There was a cult book doing the rounds in the education field some years ago, called Letter to a Teacher. It was a collection of accounts written by young Italian people who had been thrown out of school for ‘underachievement’ – often at age 12 or 13. The book was addressed to the eponymous teacher who had expelled them. One kid wrote of having been expelled for failing PE, but explained how he went home some days to carry an axe into a distant wood, climb a tree, cut down a bough, drag it home and chop it for firewood. You get the point.

The free school they set up with a priest became a cause celebre in Europe and educational ‘experts’ (people like me) came to visit. One reflection in the book covered the visit of a Professor of Education. It read [I paraphrase], ‘when he talked to us he looked down at the floor or up at the ceiling – he didn’t look us in the eye.
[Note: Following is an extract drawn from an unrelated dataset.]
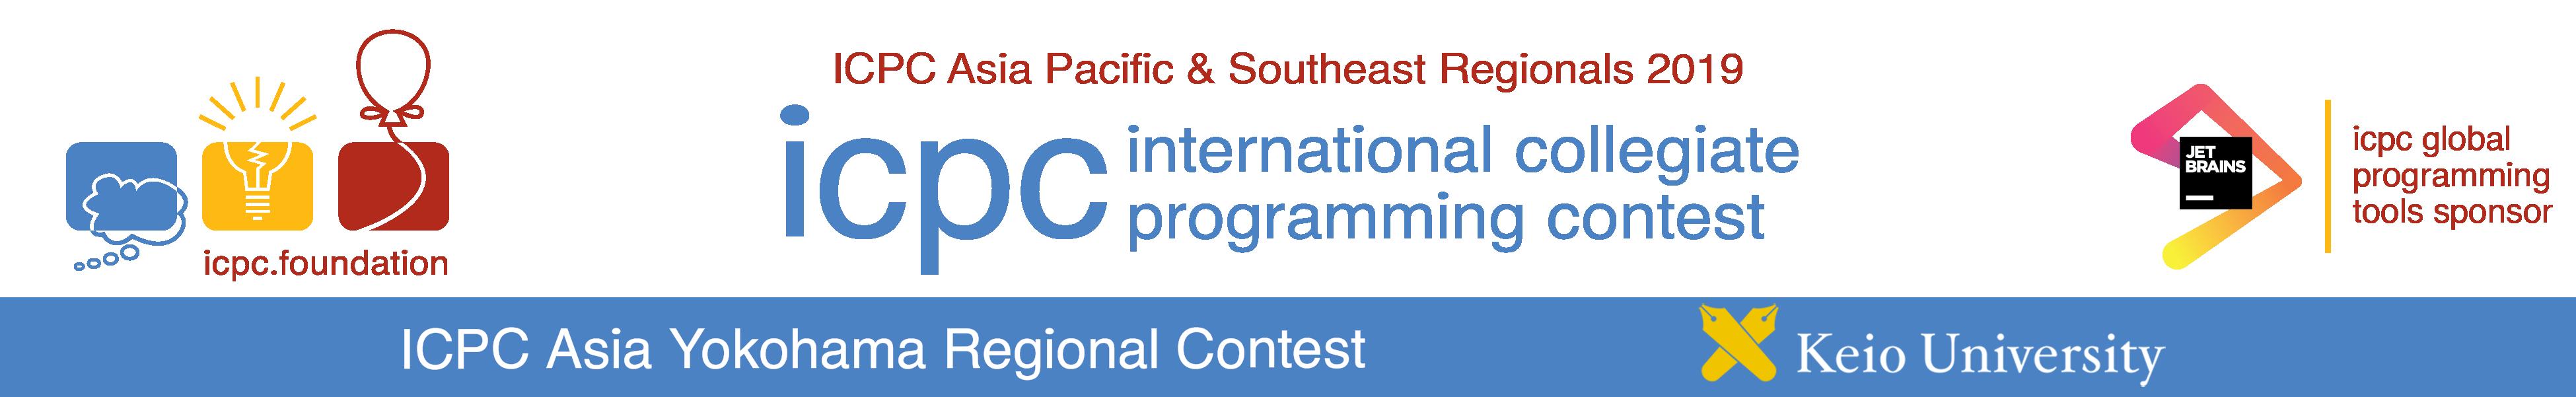 ICPC 2019 Asia Yokohama Regional

But he didn’t need to – he knew us by heart’.

*&^%$#@

I wrote a book a while ago about my professional practice – educational evaluation. Don’t be put off by the title, Personalising Evaluation. It’s not a Conversation Oscar nominee, okay – but it is written to be readable by anyone and, I hope, quite an attractive read. It takes you into the lives of musicians and young people, a music conservatoire (the Guildhall), schools, a hospice a prison – and more.

What the book is about is how we, in the research field, represent people. This is a field dominated by statistics, surveys, experiments, theories – with too little room left to portray people’s lives. And yet, at the receiving end of all our efforts in the public sector are people. Not ‘consumers’, ‘clients’, ‘service users’, ‘human resources’, ‘stakeholders’, ‘participants’, ‘subjects’ (‘objects’) nor all the other depersonalising monikers we slap on the citizen. Just as a teacher cannot understand their teaching without intimate knowledge of her students, so a police officer cannot understand policing without a good knowledge of the community they police, and a nurse cannot be a successful nurse without grasping how they are seen by patients and how they find a place in the patient’s struggle for health. Olie, my son, is training to be a nurse. He is studying Pharmacology, Microbiology, Anatomy, Health Sciences, Population Health – almost everything, it seems, apart from patients. He is careful to learn about patients for himself on his ward placements. But his course is a degree in nursing science – not a training on how to be a nurse – much less a nursing education.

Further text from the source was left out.